Einsatzfahrzeuge von Notarzt und Feuerwehr stehen auf einer Straße.

Copyright: Matthias Heinekamp

In der Nacht zu Sonntag (22. März 2026) ist es in der Kölner Innenstadt zu einer feigen Steineattacke gekommen (Archivfoto eines Einsatzes in Köln). 

Aktualisiert

In der Kölner Innenstadt ist ein junger Autofahrer nur knapp einer Katastrophe entgangen. Sein Pkw wurde zum Ziel unbekannter Steinewerfer. 

Unfassbare Tat in der Kölner Innenstadt: Unbekannte habe in der Nacht auf Sonntag (22. März) Pflastersteine von einer Bahnbrücke auf einen Pkw geworfen.

Wie die Polizei bekannt gab, durchschlugen zwei Steine die Windschutzscheibe. Der junge Fahrer (21) sei glücklicherweise unverletzt geblieben. Die Kölner Staatsanwaltschaft wertet den Angriff als versuchtes Tötungsdelikt! Eine Mordkommission hat die Ermittlungen aufgenommen.

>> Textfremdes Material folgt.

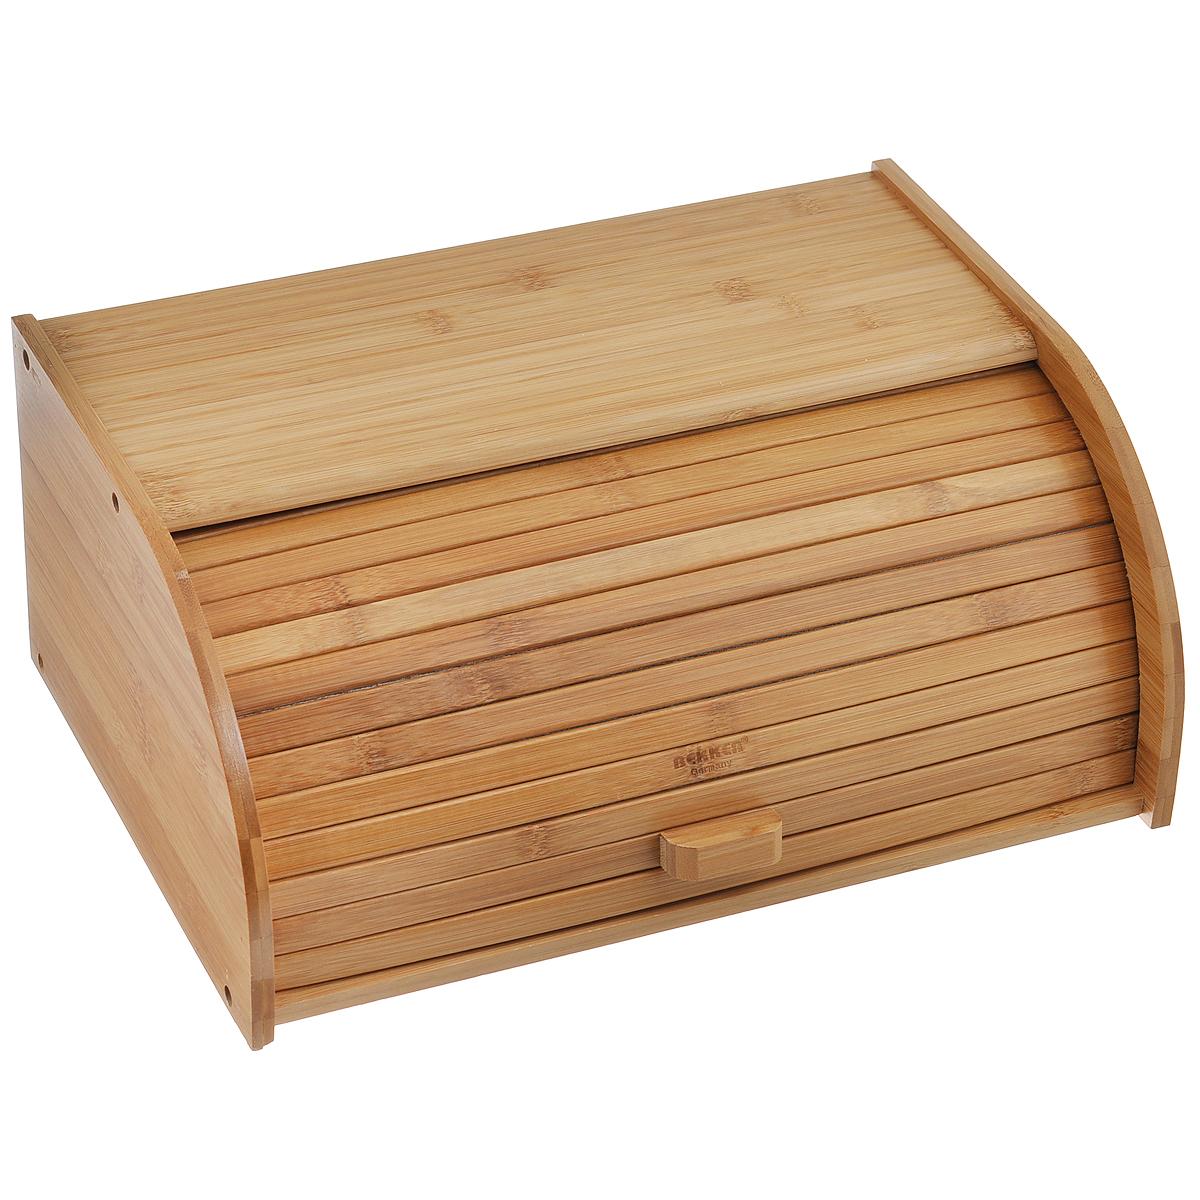 Хлебница Bekker Koch, 38 х 27 х 16 смBK-4807Хлебница Bekker Koch, изготовленная из бамбука, обеспечивает идеальные условия хранения для различных видов хлебобулочных изделий, надолго сохраняя их свежесть и защищая от воздействия внешних факторов (запахов и влаги). Прочная конструкция каркаса и усиленный край гарантируют долговечное использование. Изделие отличается вместительностью: объем достаточен для хранения нескольких хлебобулочных изделий. Эргономичный дизайн крышки не требует дополнительного места при открывании. Крышка открывается без дополнительных усилий, благодаря специальной конструкции боковых пазов. Такая хлебница идеально впишется в интерьер любой кухни и сохранит ваш хлеб свежим и вкусным.

Stein-Attacke in Köln: Polizei sichert mehrere Spuren

Der 21-jährige Kölner war gegen 2.45 Uhr mit seinem Mercedes auf der Erftstraße in Richtung Subbelrather Straße unterwegs. Als er die Bahnunterführung am August-Sander-Park passierte, knallten mindestens zwei Pflastersteine auf seinen Wagen.

„Ein Stein traf die Windschutzscheibe auf der Fahrerseite, der andere Stein schlug auf der Beifahrerseite in die Windschutzscheibe ein“, erklärte eine Polizeisprecherin. 

Im Rahmen der Spurensicherung und der Fahndungsmaßnahmen stellten Einsatzkräfte den Akku eines E-Scooters sowie weitere Grenz- und Backsteine sicher, die mutmaßlich ebenfalls zuvor von der Brücke auf die Fahrbahn geworfen wurden.

Zeugen und Zeuginnen, die Hinweise zum Tatgeschehen, zu dem oder den Tatverdächtigen geben können, werden gebeten, sich telefonisch unter 0221 229-0 oder per E-Mail an poststelle.koeln@polizei.nrw.de bei den Ermittlern und Ermittlerinnen des Kriminalkommissariats 11 zu melden. (iri)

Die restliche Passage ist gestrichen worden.